RE: How to easily defeat any argument for God
August 13, 2019 at 10:29 am
(This post was last modified: August 13, 2019 at 10:33 am by GrandizerII.)
Quote:This is important, but too difficult for me. Plato, Plotinus, a lot of the big guys, associated being with the good. Non-being is bad.
For them, God is both existence itself, and the Good itself. And these are not just a random combination, but the only way it could be.
Sad to say, I haven't worked out why they say that yet.
But it means that for Christians, God is essential to morality, to the existence of the Good, because God is essential for the existence of everything, because you can't have anything without existence, which is God. And you can't have good at all without God, who is the good.
I'm working on all this. Reading a tough book about Plotinus right now. It is all fascinating, and more difficult than people make it out to be.

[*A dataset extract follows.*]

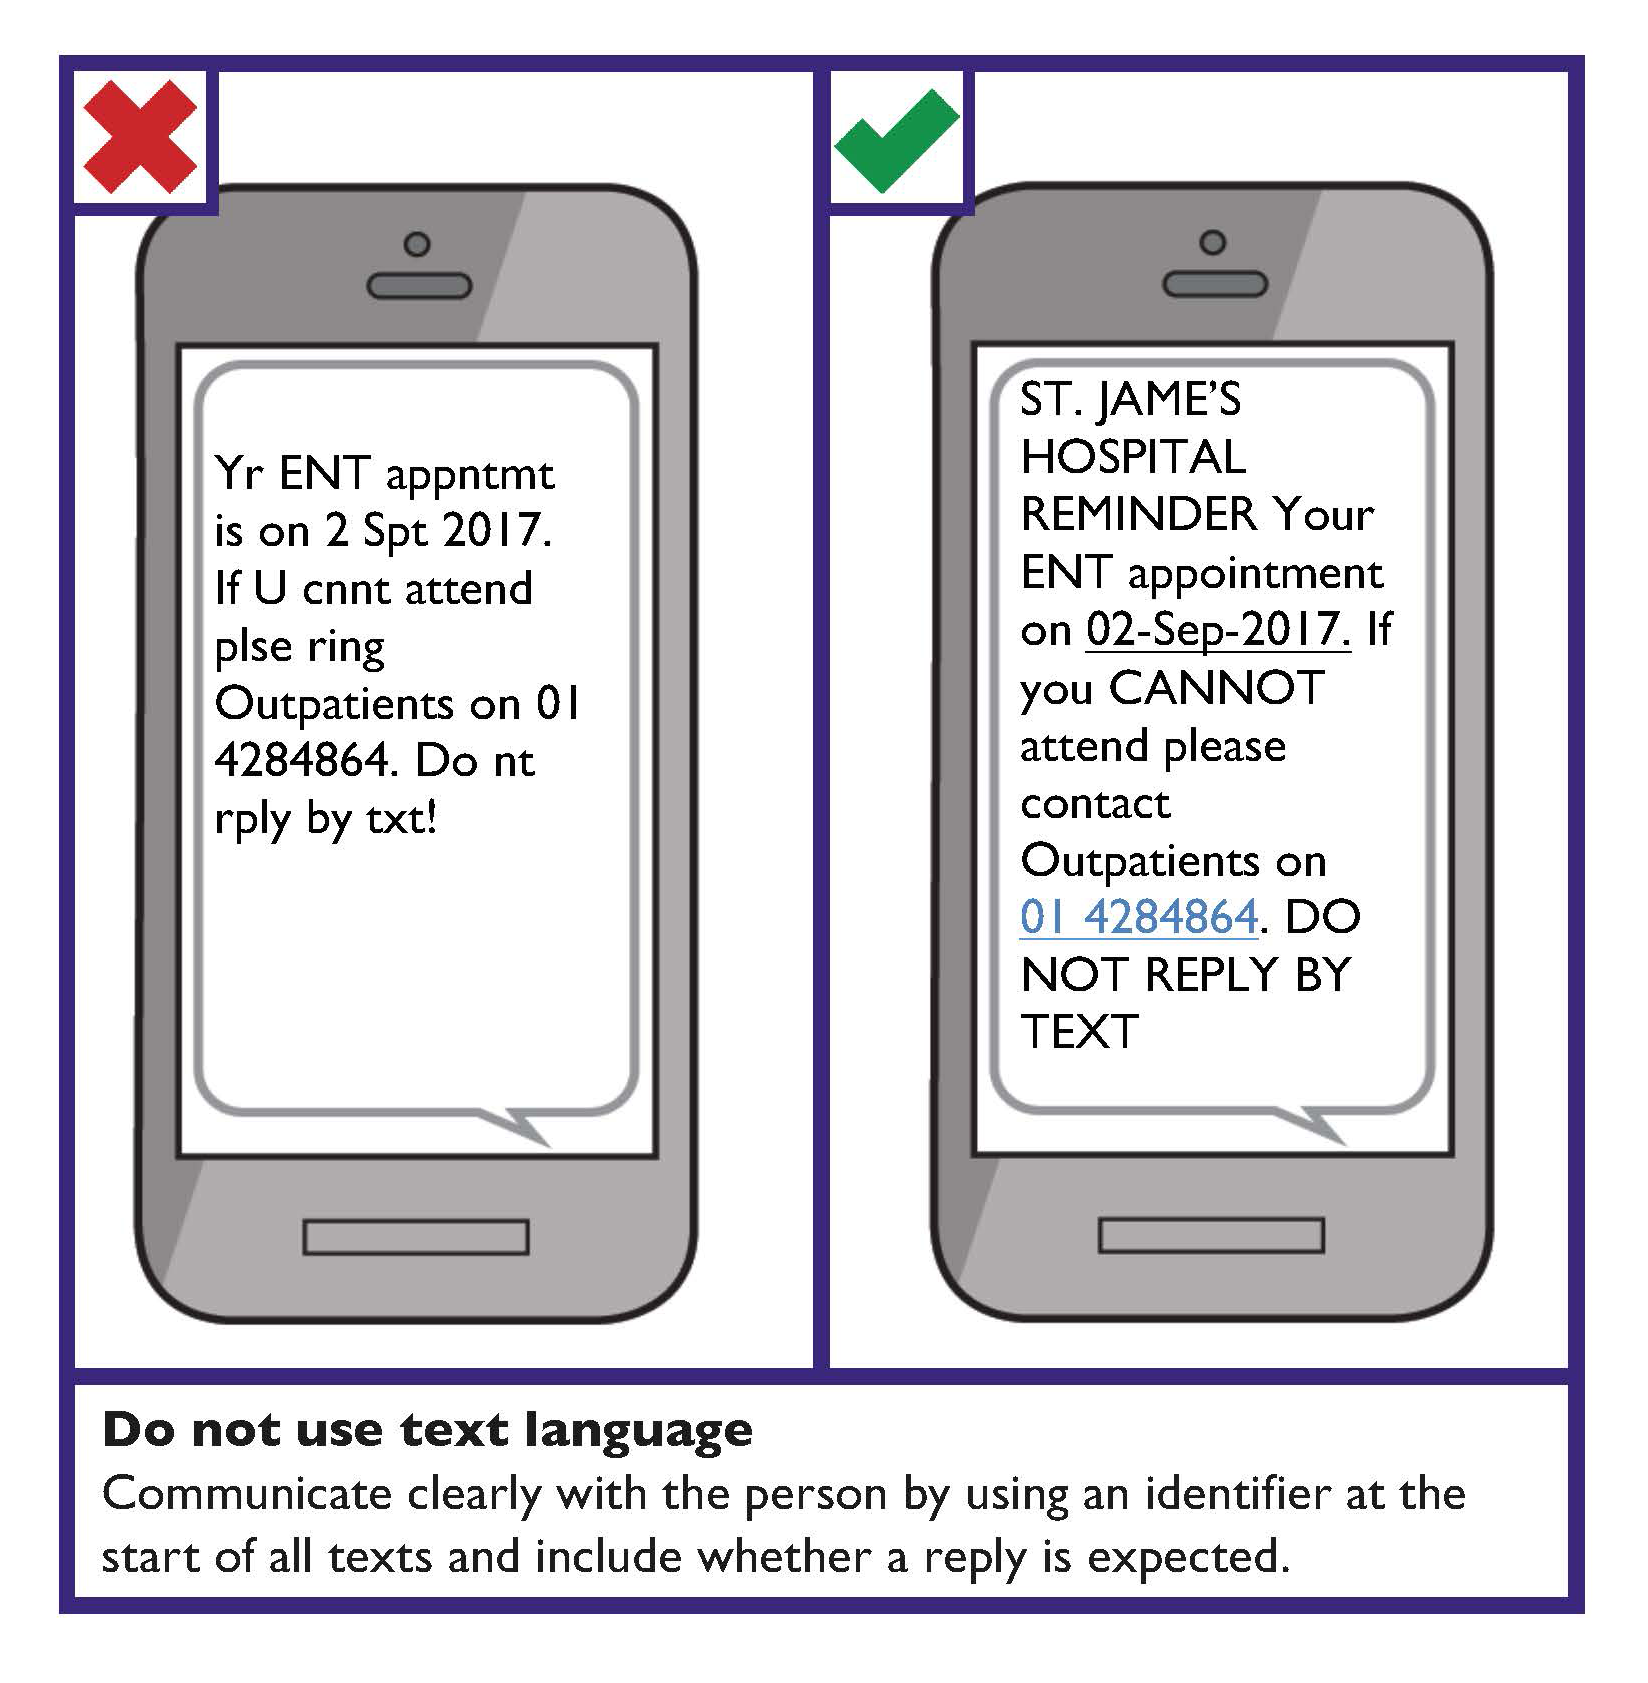 Do not use text language. Communicate clearly with the person by using an identifier at the start of all texts and include whether a reply is expected.
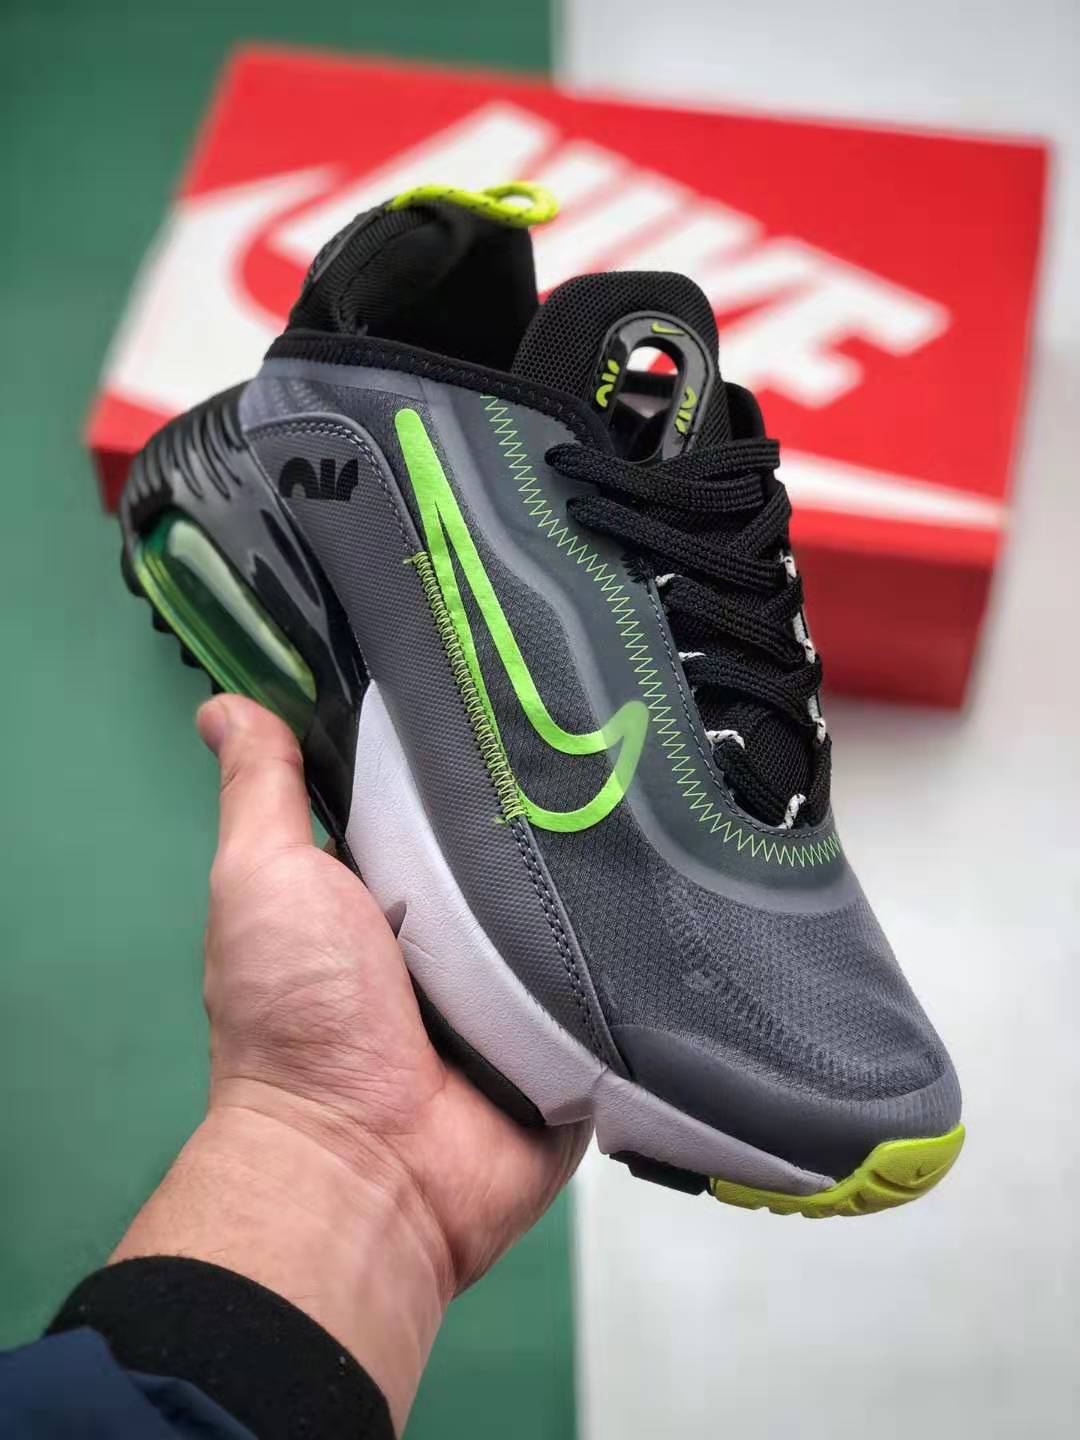 Nike Air Max 2090 Silver Grey Black Fluorescent Green CT7698-011 - Trendy & Stylish Sneakers

Well, I've read philosophy books by theist philosophers. I had a hard time with some of their reasoning as well, but only because they were saying stuff that wasn't very convincing. It does not necessarily mean that they have something right, and I'm just not getting it.
Also, going back to the whole "something that is good is just good", doesn't that violate the PSR anyhow? I seem to recall theologians love their PSR. So do I, FTR.
(August 13, 2019 at 10:27 am)Acrobat Wrote:(August 13, 2019 at 10:06 am)Grandizer Wrote: Murder takes away the life of another human being. The falling of a stone involves, well, merely the movement of a stone from a higher altitude to lower. We can look at these statements and see that there is something about murder that's just wrong (based on what it involves), but we don't see that same thing (or anything of the sort) about the second statement.
You’re right about one thing, we are seeing “wrong”, we’re not feeling it, thinking it, it’s not reflection of our state of mind, but something we are seeing.
But the wrongness we’re seeing is not in the facts regarding the taking of life here. You’re confusing something in which the light illuminates, with the light itself.
We're still doing the assigning of "right/wrong" (as a species), but we base the judgement on external acts.
Your light analogy, once again, indicates to me that you believe murder is wrong because of the Good. I can't accept that because it implies divine arbitrariness.